Most biopharma companies have started down the path of digital transformation – a fundamental overhaul of everything they do for the digital age.
It’s not clear yet that anyone has arrived at the desired destination.
Even so, there have been some early wins, generally related to operations, as the CEOs of both Novartis and Lilly have described. Arguably, the most significant R&D success has been the organizational alignment and focus afforded by accurate, up-to-date digital dashboards, reflecting, for example, the status of the COVID clinical trials that Pfizer was running, as discussed here.
Behind the scenes, many biopharma R&D organizations have been exceptionally busy trying to apply emerging digital and data technologies to improve every aspect of how impactful new medicines are discovered, developed, and delivered. This strategic focus – and my current job description – is an industry preoccupation.
R&D represents such a vast opportunity space for emerging digital and data technologies that it can be difficult to keep track of all the activity across this expansive frontier. But a recent podcast delivers. A January 2023 episode of BIOS hosted by Chas Pulido and Chris Ghadban of Alix Ventures, and Brian Fiske of Mythic Therapeutics features Sanofi’s CSO and head of research, Frank Nestle. He provides a comprehensive, fairly representative introduction into the many ways biopharmas are approaching digital and data. He also shares insights into key underlying challenges (spoiler alert: data wrangling).
Nestle is a physician-scientist and immunologist by training; he has been with Sanofi since 2016, and in his current role for about two years.
Below, I discuss the key points Nestle makes about digital and data across R&D, and then offer additional perspective on these opportunities and challenges.
Vision: The Great Convergence
Nestle envisions that we’re heading towards a “great convergence between life sciences, engineering, and data science.” He adds that the “classical scientific foundations of physics, chemistry, and biology” have each “had their heyday.” Now, he says, “it’s data sciences and A.I.”
AI/ML Impact on Research: Optimizing the Assembly Line
Early drug development, Nestle argues, can be understood as an assembly line, where a new molecule is designed and then serially optimized. At each stage, “we are optimizing drug-like properties, like absorption, biodistribution in the body,” he explains. Historically, decisions along the way were made by people – often with extensive experience — sitting around a table and reviewing the data. Now, Nestle is trying to collect the rich data associated with each step in a more systematic way, so that A.I. can contribute.
At the moment, Nestle says, the focus is on using data science to optimize each individual step, but allows that eventually, a “grand model” might be possible.

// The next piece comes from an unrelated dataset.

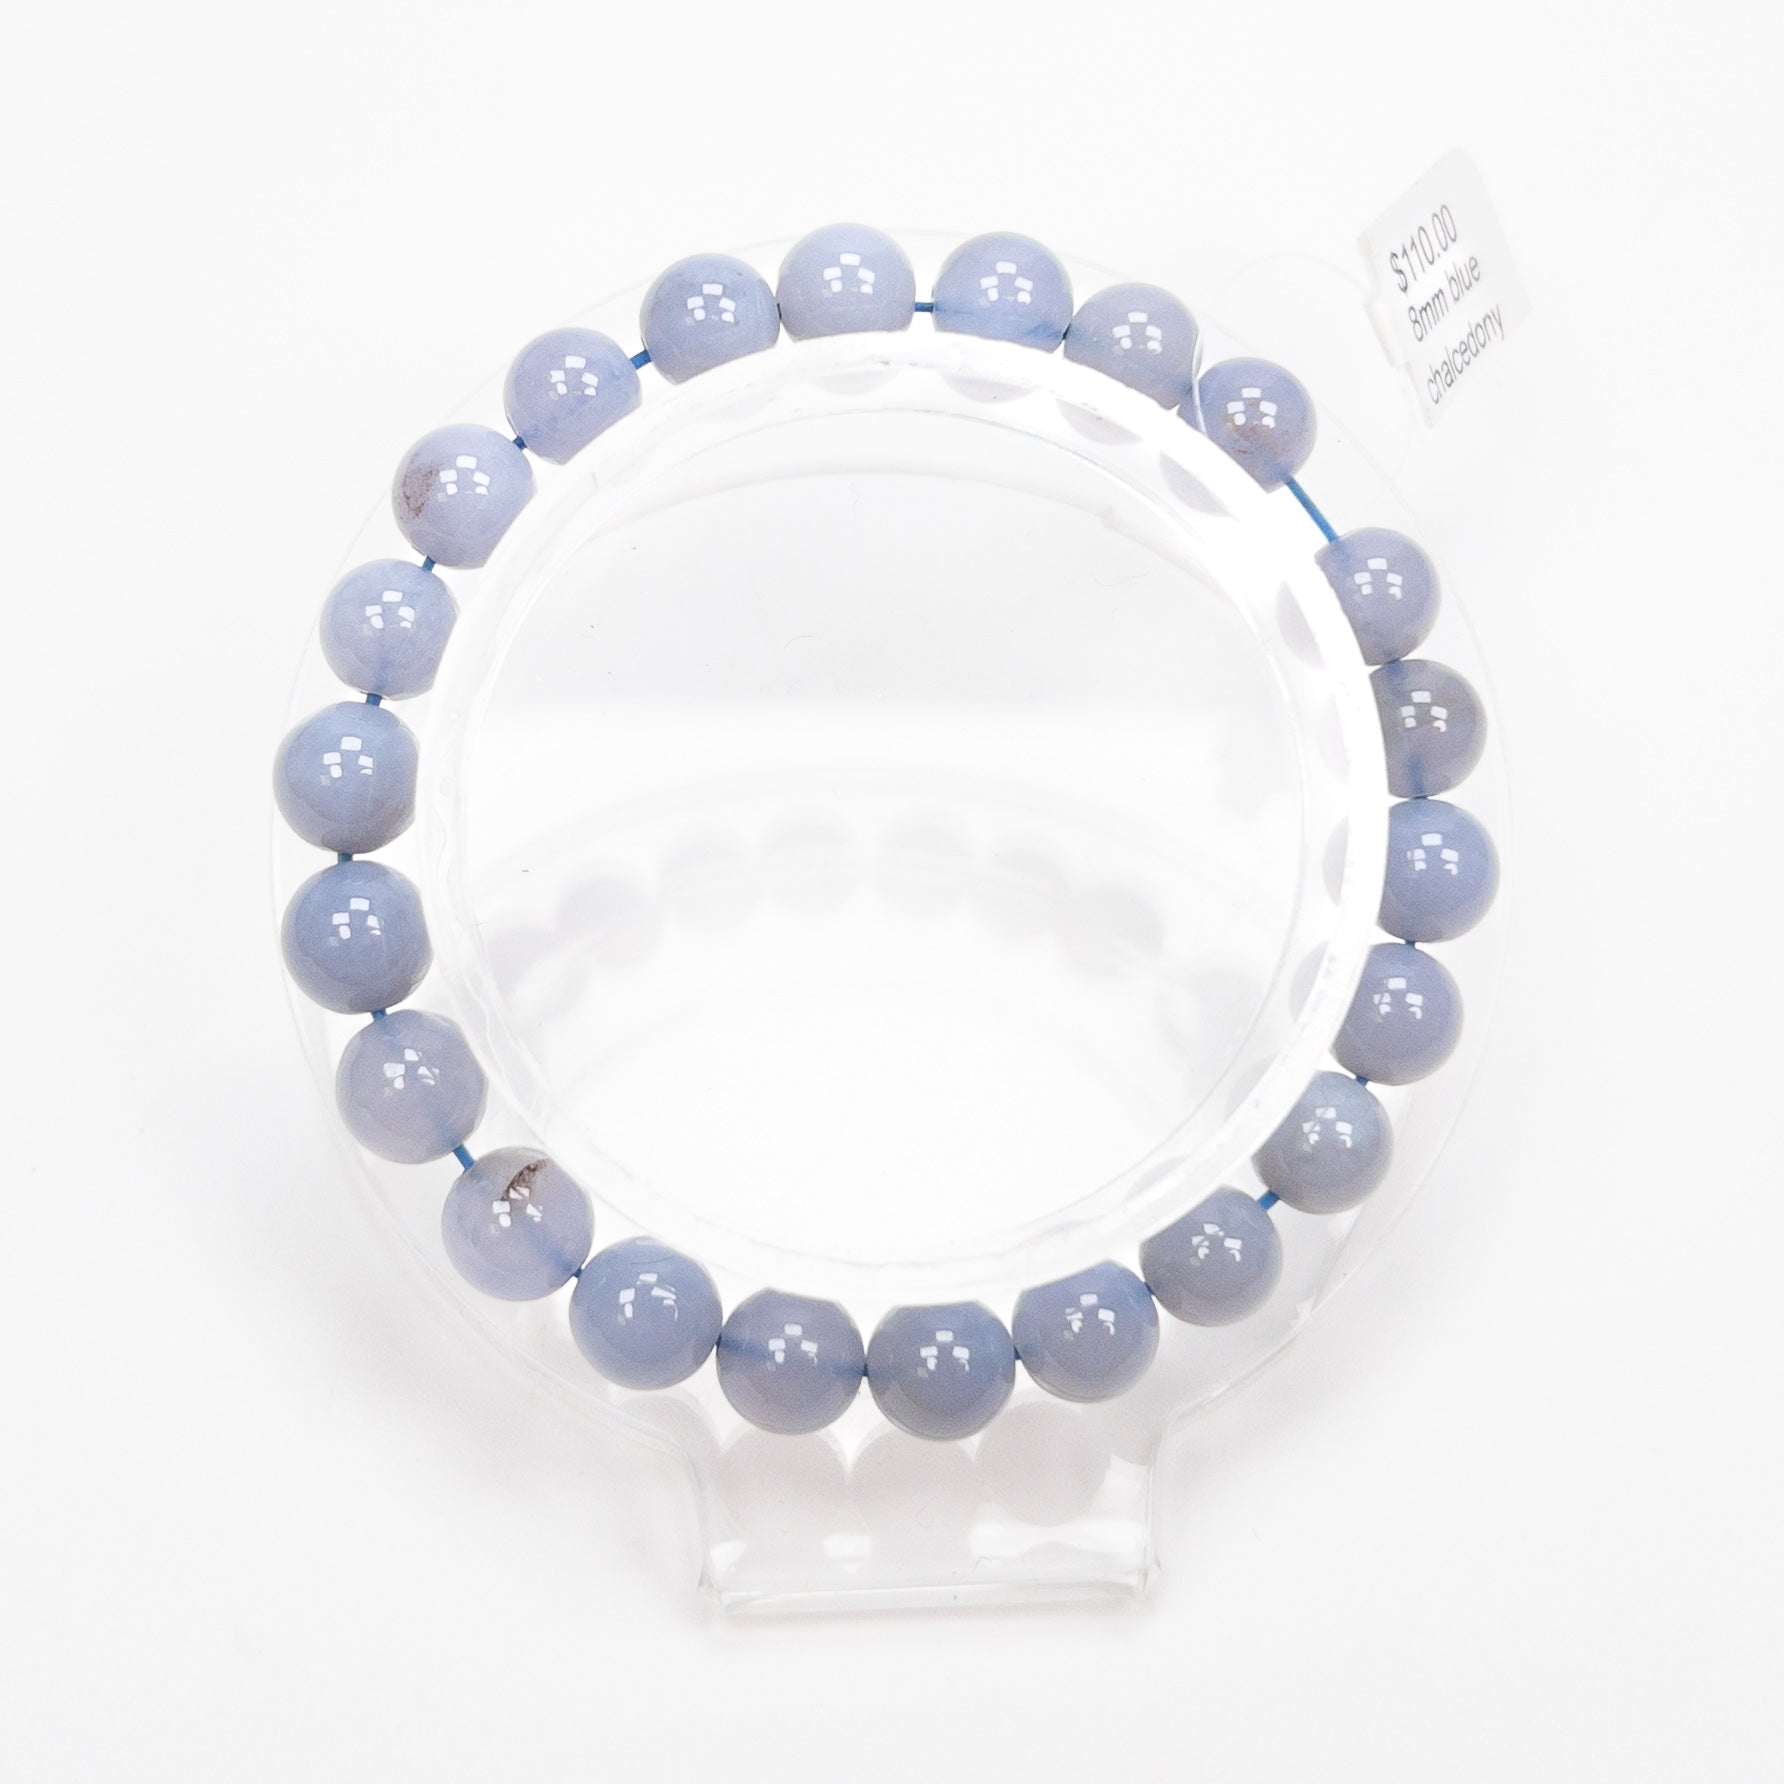 Blue Chalcedony 8mm Smooth Round Bead Stretchy Cord Bracelet - 1 pc.

Nestle notes that both early focus and early successes involve small molecules. For example, the number of potential molecules that must be synthesized and evaluated in the course of making a potential small molecule drug has been reduced, he said, from 5,000 to “several hundred.” He asserts Sanofi remains interested in applying A.I. to the optimization of biologics. The challenge is “complexity.” Nevertheless, he suggests that using A.I.-based approaches to optimize biologics holds “at least as much promise, if not more promise, than in the small molecule space.”
Translational Research: Organizing Multimodal Data
The process of understanding the molecular basis of disease, Nestle says, begins with “molecule disease maps.” The best description of these maps that I found was actually from ChatGPT (a technology I recently discussed), which reports that the term:
“refers to a visual representation or diagram of the molecular interactions and processes that are associated with a particular disease. This map can include information about the genes, proteins, and signaling pathways involved in the disease, as well as how these elements interact with each other. The goal of creating a molecular disease map is to gain a better understanding of the underlying causes of a disease and to identify potential targets for therapeutic intervention. By mapping the molecular interactions involved in a disease, researchers can gain insights into the complex biological mechanisms that drive disease progression and develop more effective treatments.”
According to Nestle, “these molecular disease maps are becoming more complex and more rich in data sets by the day.” He continues, “It started with mainly genetic datasets, but now we have expression data sets at every single level from RNA to proteins to metabolites. And we look at these molecular disease maps actually at a single-cell level.”
The upshot, he says, is that these “provide us with an incredible space of data to interrogate.”
The algorithms used to analyze these data are often simple cluster analyses, Nestle says, but the goal is always to “reduce dimensionality” and find a “signal in these sometimes very noisy datasets.”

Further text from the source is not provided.